We left Camp on 13 October, and returned from Oregon 30 April 1999. The journal tells the story of the winter.

 Friday 30 April 1999 - Kingston to Camp via Cornwall, Ontario; New York State; Champlain Islands; and Rte 2. Got in to Camp by about 1600, after brief visits with Becky and Walter, and Sarah Cordwell. Blue skies all day, fairly calm, temps. 40s to probably low 70s along the way; probably mid-60s at Camp.

   This has been a very dry late winter-early spring in New England.  In general, New Hampshire received only about an inch of precipitation in April. Mt. Washington averages 8.7” ppt. in April; they got 4.2” this year. Maine hasn’t had this dry of a spring in 127 years of weather recording. Some of the consequences are that there have already been a number of wildfires in the North Country; also because things dried out so early, the vegetation hasn’t had the moisture needed to really get going. Consequently, lawns and road edges are just starting to green up, now, and (at least from a distance) most trees still look bare.

   We had kept in touch with Mike through the winter, so we had a general idea of how the roads into Camp would be.

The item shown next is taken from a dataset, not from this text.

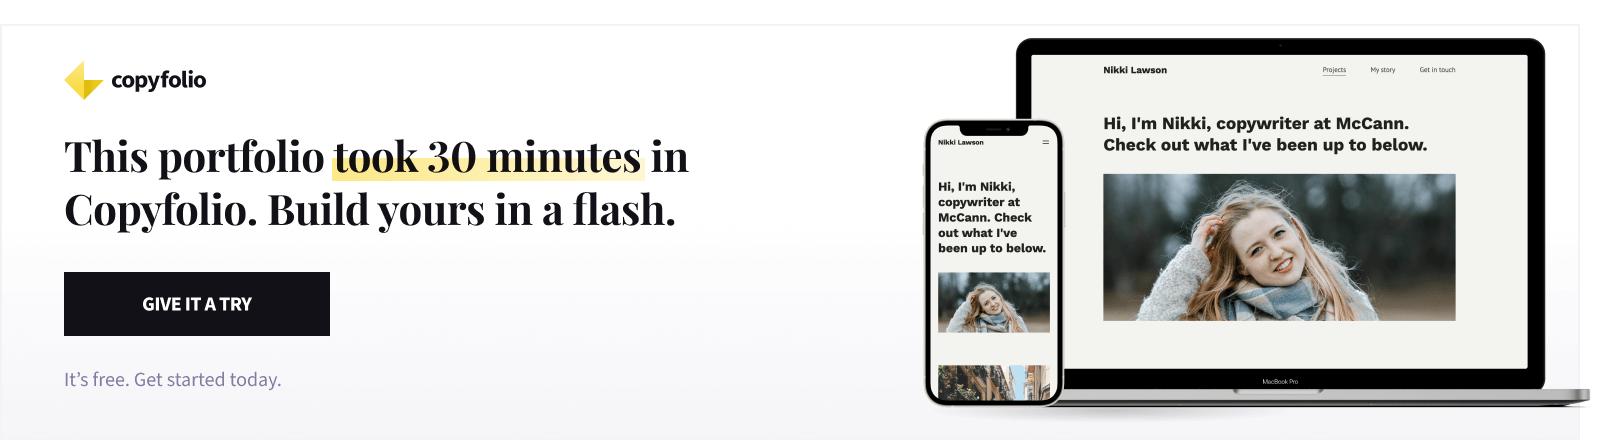 This portfolio took 30 minutes in Copyfolio. Build yours in a flash.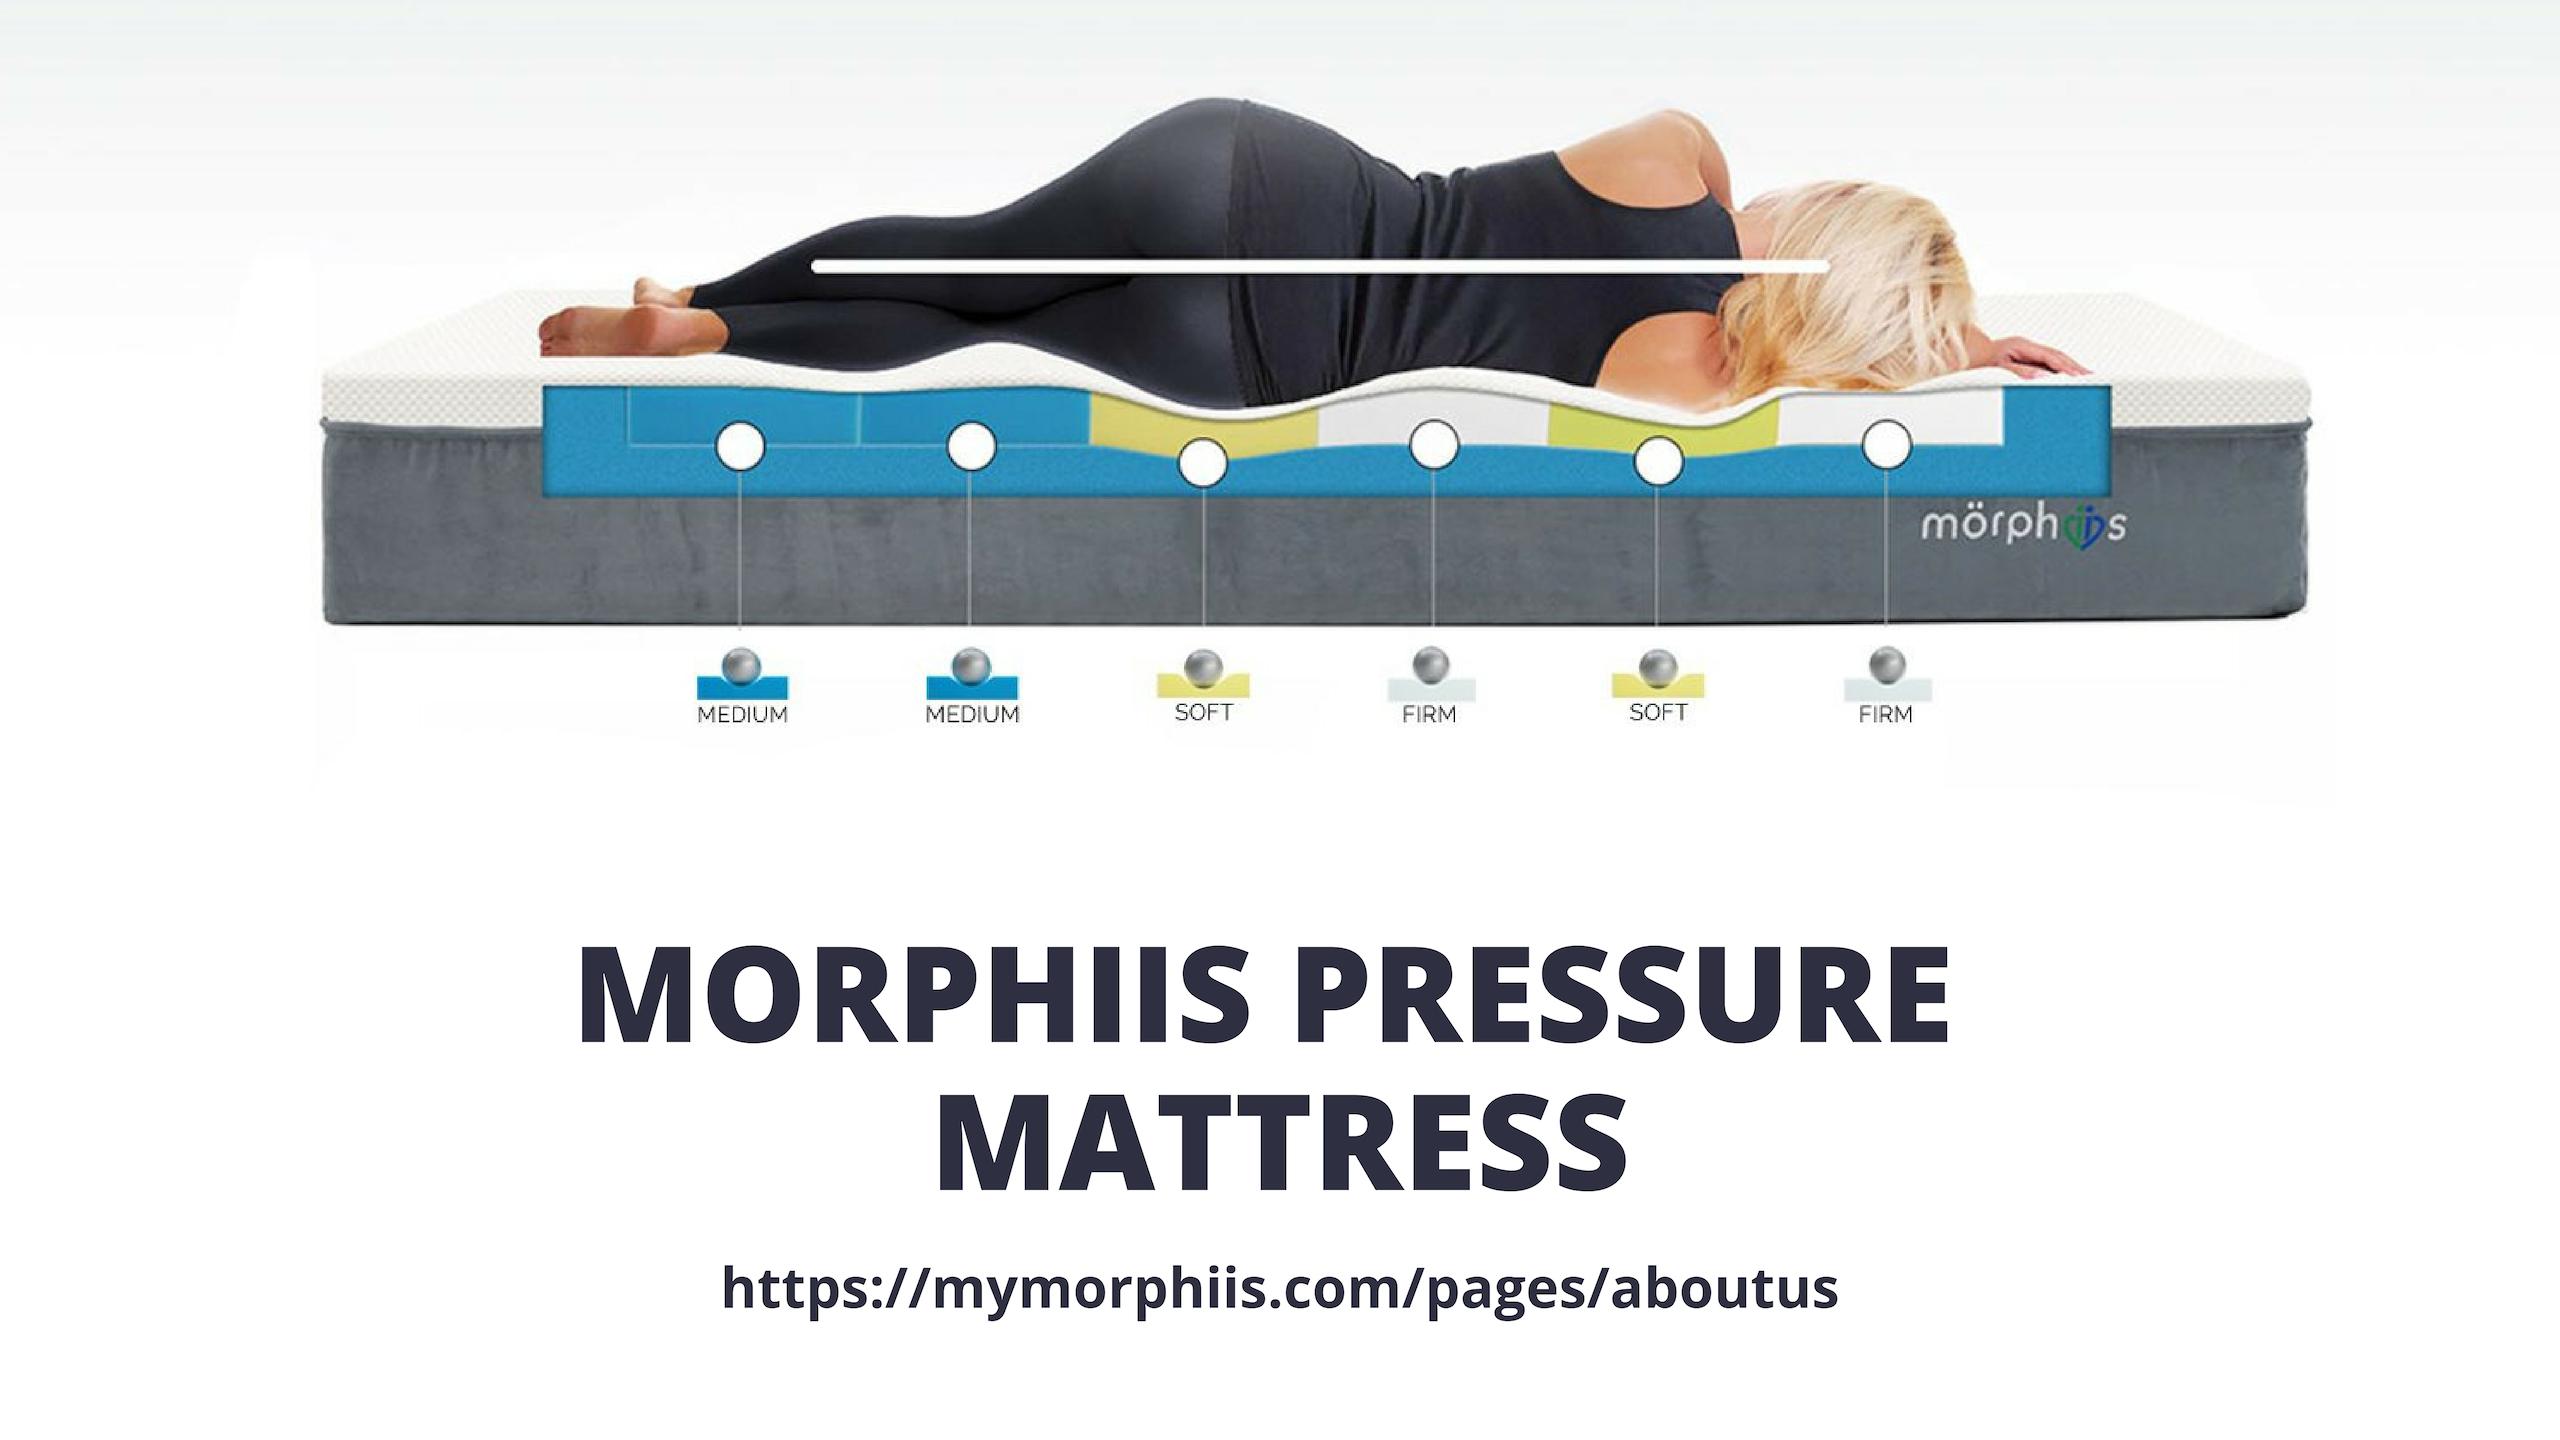 Morphiis Pressure Mattress

He had been unable to get up the last hill to our pad on the Logging Road last week - had actually got stuck trying to get through, and had taken awhile getting out again. Other than that, the Logging Road was supposed to be in pretty good shape, but he recommended we come up Dummer Hill Road because of that last muddy stretch. He said that Bob McLoughlin and his forester had made it to Faulkenham’s with a 2-wheel drive truck recently.

   Sarah Cordwell confirmed that the Dummer Hill Road was passable, “but rough.” The latter is an understatement. A&B logged all winter from just below Neil’s Field [new pad by the giant boulder on the hill down from Neil’s], and let the road get so rutted that (although dry enough) it would be impassable to anything without major clearance - even so, the holes are so deep it could be a real axle-buster. Beyond Neil’s field it is fine, even between A&B’s “new” pad and “our” pad [thanks to the pipeline people graveling that stretch after we left last fall].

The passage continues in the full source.